A: A high RDW means there’s increased variation in red blood cell size (anisocytosis). It’s commonly seen with iron deficiency, vitamin B12 or folate deficiency, recent blood loss, hemolysis, chronic liver disease, or mixed anemias. It’s a nonspecific finding that prompts further tests—MCV, iron studies, B12/folate, reticulocyte count—and clinical assessment to identify the underlying cause and guide treatment.
Q: What if RDW is more than 14?
A: If RDW is above ~14%, it indicates increased variation in red blood cell size (anisocytosis). Causes include iron, B12 or folate deficiency, recent bleeding, hemolysis, liver disease or mixed anemias. Your clinician will usually repeat the CBC, examine a peripheral smear and order iron studies, B12/folate, reticulocyte count and hemolysis markers to find the cause and guide treatment. Follow-up with your doctor is recommended.
Q: What cancers cause high RDW?
A: Elevated RDW has been reported in many cancers: colorectal, lung, breast, gastric, hepatocellular, pancreatic and ovarian cancers, as well as hematologic malignancies (leukemia, lymphoma, myelodysplastic syndromes). It’s also described in renal cell carcinoma, esophageal cancer and multiple myeloma. RDW is a nonspecific marker reflecting inflammation, nutritional deficiency or bone‑marrow dysfunction and often correlates with worse prognosis.
Q: How to treat high RDW in blood test?
A: Treating high RDW focuses on the underlying cause. Common steps: test for iron, B12, folate, thyroid and inflammatory markers; replace deficiencies (iron, B12, folic acid) and adopt iron-rich dietary changes; treat chronic disease, infections or bleeding; review medications; and refer to a hematologist if unexplained or severe. Follow-up CBCs monitor response. Discuss results and a tailored plan with your healthcare provider.

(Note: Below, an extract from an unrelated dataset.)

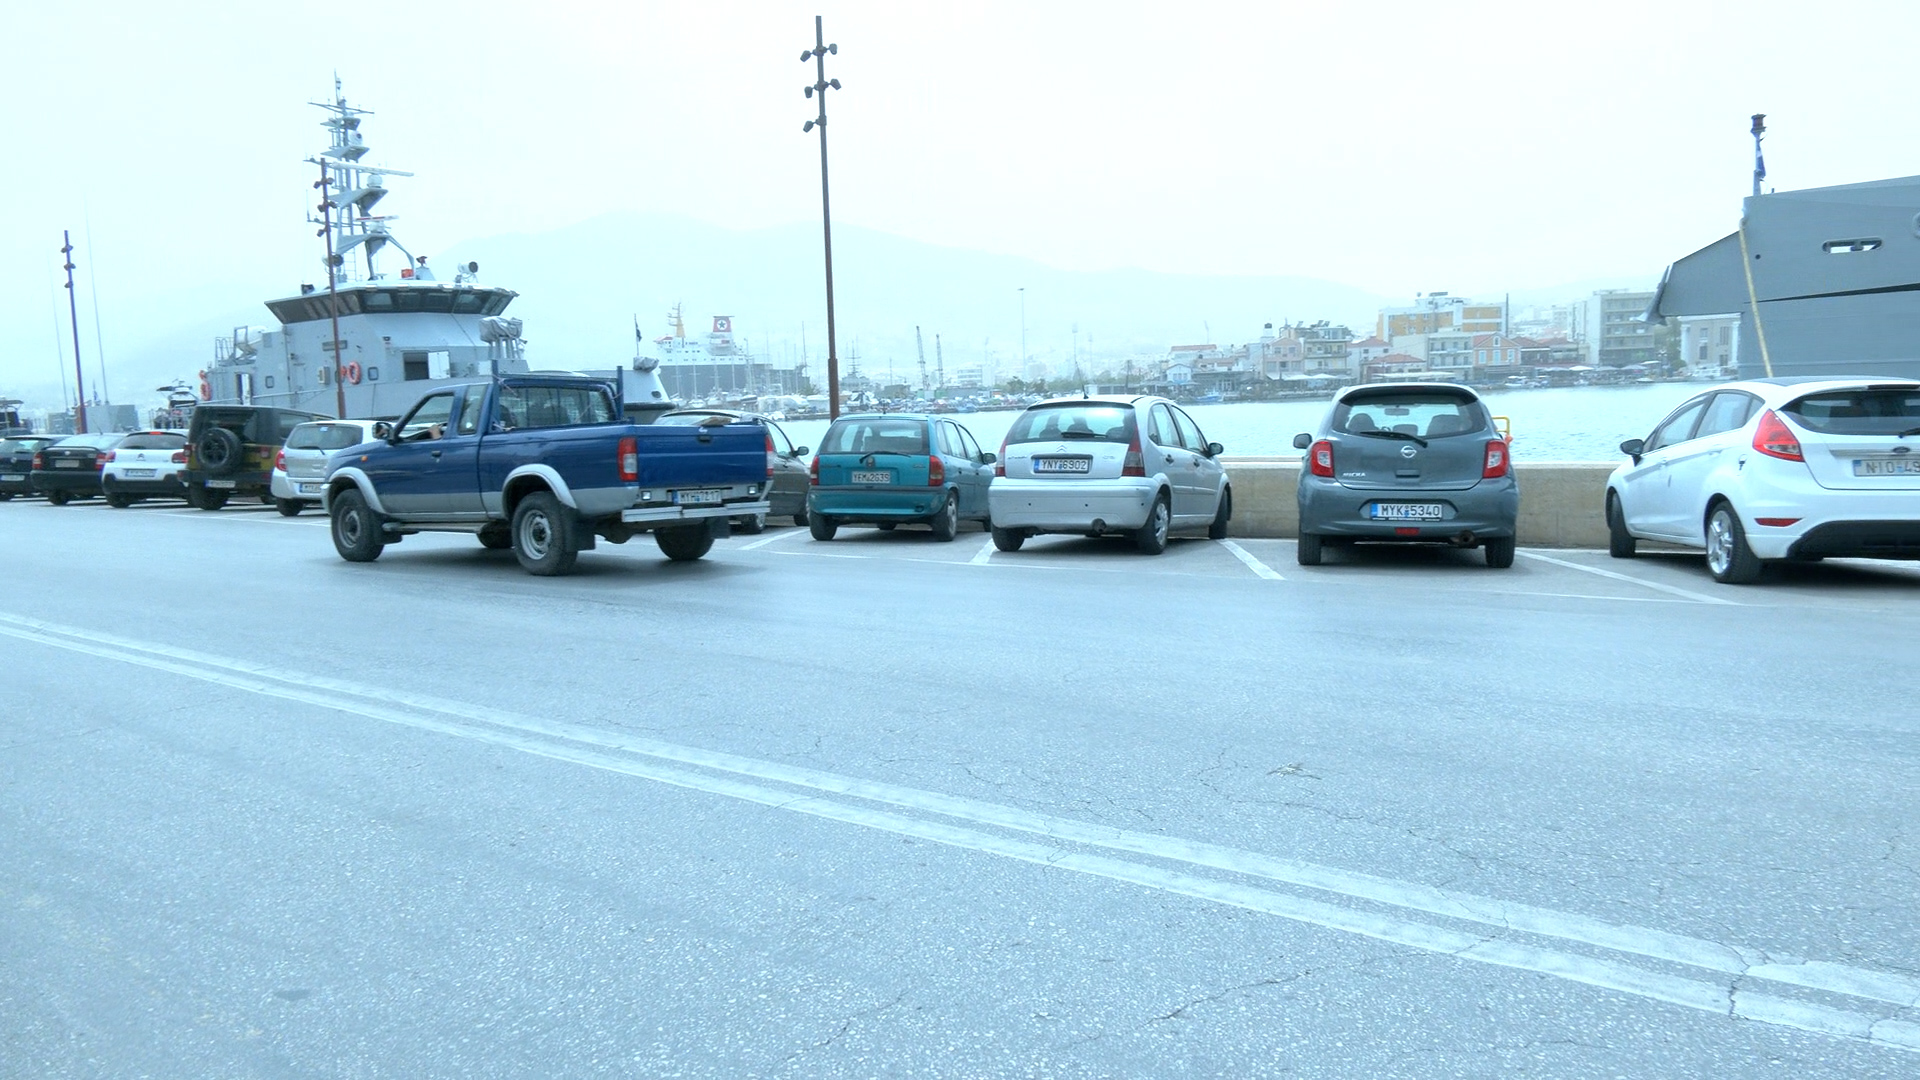 Ζητείται λύση για το παρκάρισμα στη Μυτιλήνη

Q: What is the condition of high RDW?
A: High RDW (red cell distribution width) means increased variation in red blood cell size (anisocytosis). It often signals nutritional deficiencies (iron, B12, folate), recent bleeding, hemolysis, chronic inflammation, liver disease, or bone marrow disorders. It’s a laboratory clue rather than a diagnosis; clinicians interpret RDW with hemoglobin, MCV, reticulocyte count and iron/B12/folate tests to find the underlying cause and guide treatment.
Q: What infection causes high RDW?
A: Severe infections—especially sepsis and other serious bacterial infections—often raise RDW. Chronic infections such as tuberculosis, HIV, and parasitic diseases like malaria can also increase RDW. Inflammation, hemolysis and disrupted bone marrow erythropoiesis produce variable red cell sizes (anisocytosis), which shows as an elevated RDW and often signals more severe or chronic infectious processes.